Night moves

Our spiders are very quiet during the day, but we noticed that every morning their cages were full of fresh cobwebs. We knew they were sneaking around at night, and we resolved to catch them at it. A student, Ade Atolani, and I put together a gadget so we could watch.

We got a Raspberry Pi with a NoIR camera, drilled a hole in a plastic cage, and mounted it above a spider. I had no idea if this would work adequately at all — would we have enough resolution to even see the spider? How effective was this camera at seeing in the dark anyway? — so we just slapped together a quick trial run. We turned everything on late one afternoon, told the Raspberry Pi to take a picture every 60 seconds, and let’s see what we get. Miraculously, it all worked, first try.

What you’ll see in the video is a rectangular wooden frame in a cage, and we’re looking down on it. There’s a nice velvety dark cloth on the bottom, to minimize glare and reflections. At the beginning, there’s diffuse light from the window, so the infrared camera isn’t kicking in yet, but when it gets dark enough, the IR lamps automatically switch on, and the purplish black cloth looks pink. The important thing is that we can see the spider all night long, as it goes through bursts of activity. Awesome.

It looks like we’re going to have to sample at a higher rate, because the behavior is very bursty. We’ll enclose the whole set up in a light-proof box to get rid of the extraneous light. I also want to try some side illumination with an IR lamp to see if we can resolve the webbing as it goes up. This was just a pilot experiment, but it’s very promising.


  1. says

    I feel like I’ve noticed this “bursty” behavior in my house spiders. Usually around 11:00 or midnight they start getting active and setting up new lairs.

  2. bcwebb says

    Pretty cool.
    1. Even fast frame rates should compress well when stored as jpg video since most of the image is static.

    The behavior may be set by light, the spiders may avoid motion when birds can see. – A box may change the behavior although I guess you could test with LED’s in the box. They may also flee rapid light changes as from predator shadows like how mice react.

  3. consciousness razor says

    I also want to try some side illumination with an IR lamp to see if we can resolve the webbing as it goes up.

    Just don’t let them get the wrong idea….

    Let the Midnight Special shine a light on me
    Let the Midnight Special shine the ever-lovin’ light on me

  4. wzrd1 says

    I had a quick look to see what wavelengths spiders see, interestingly, jumping spiders see green. I say interesting, as it seems an odd color for vision, given the amount of vegetation about in a spider’s natural environment.
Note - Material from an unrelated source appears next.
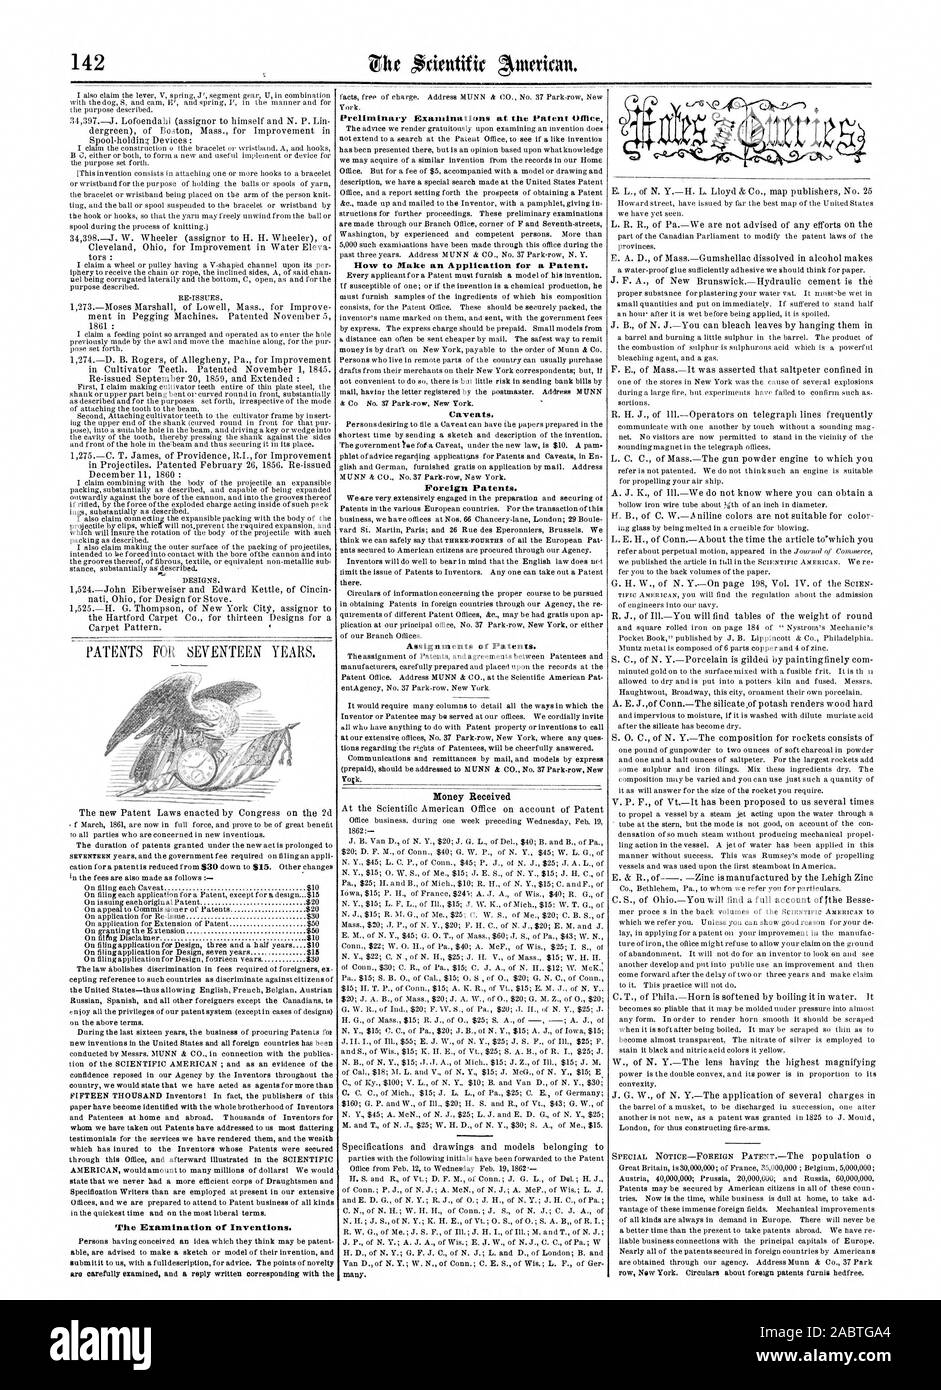 The Examination of Inventions. Preliminary Examinations at the Patent Office How to Make an Application for a Patent. Caveats. Foreign Patents. Assignments of Patents., scientific american, 1862-03-01 Stock Photo

Also, camera sensors that detect green cross-react to see IR diodes quite well.

  5. unclefrogy says

    seeing green might make the contrast of their better.

    one of the things I am fascinated and curious about is the shape of the netting their web they make. they are all different some are very hard to see until they are all dirty or damp.
    the long legged spiders I have all the place here web is very hard to see the details but when you can see it it is an inverted bowl or dome rather large with some “guys” around inside anda large amount of structure outside the “dome to keep its shape
    The black widow \s web is distinct as well centered arond a hole of some kind mostly low to the ground and their web goes out from a round central shelter area out and down to the ground I have not been able to look very close to see the details of the active trapping webs but would suspect it has a pattern as well I do not think it is completely random just hard to see. the web is also extremely strong. what good is a trap that is easy to see?
    is there a pattern that those spiders want to make? does the size of their enclosure effect it in some way?

  6. komarov says

    Pretty cool. A suggestion, if I may: You could try to program the camera to capture live video when the spider turns active. E.g. capture at low frame rate throughout the night but if images start to change (-> spider moves) switch to live / high frame rate for a period of time or until images become fairly static again. That should cut down the amount of footage of spiders sitting still you get. Or you could probably throw some ready-made machine-learning software package and teach it to track spiders, but those kinds of solutions are so boring.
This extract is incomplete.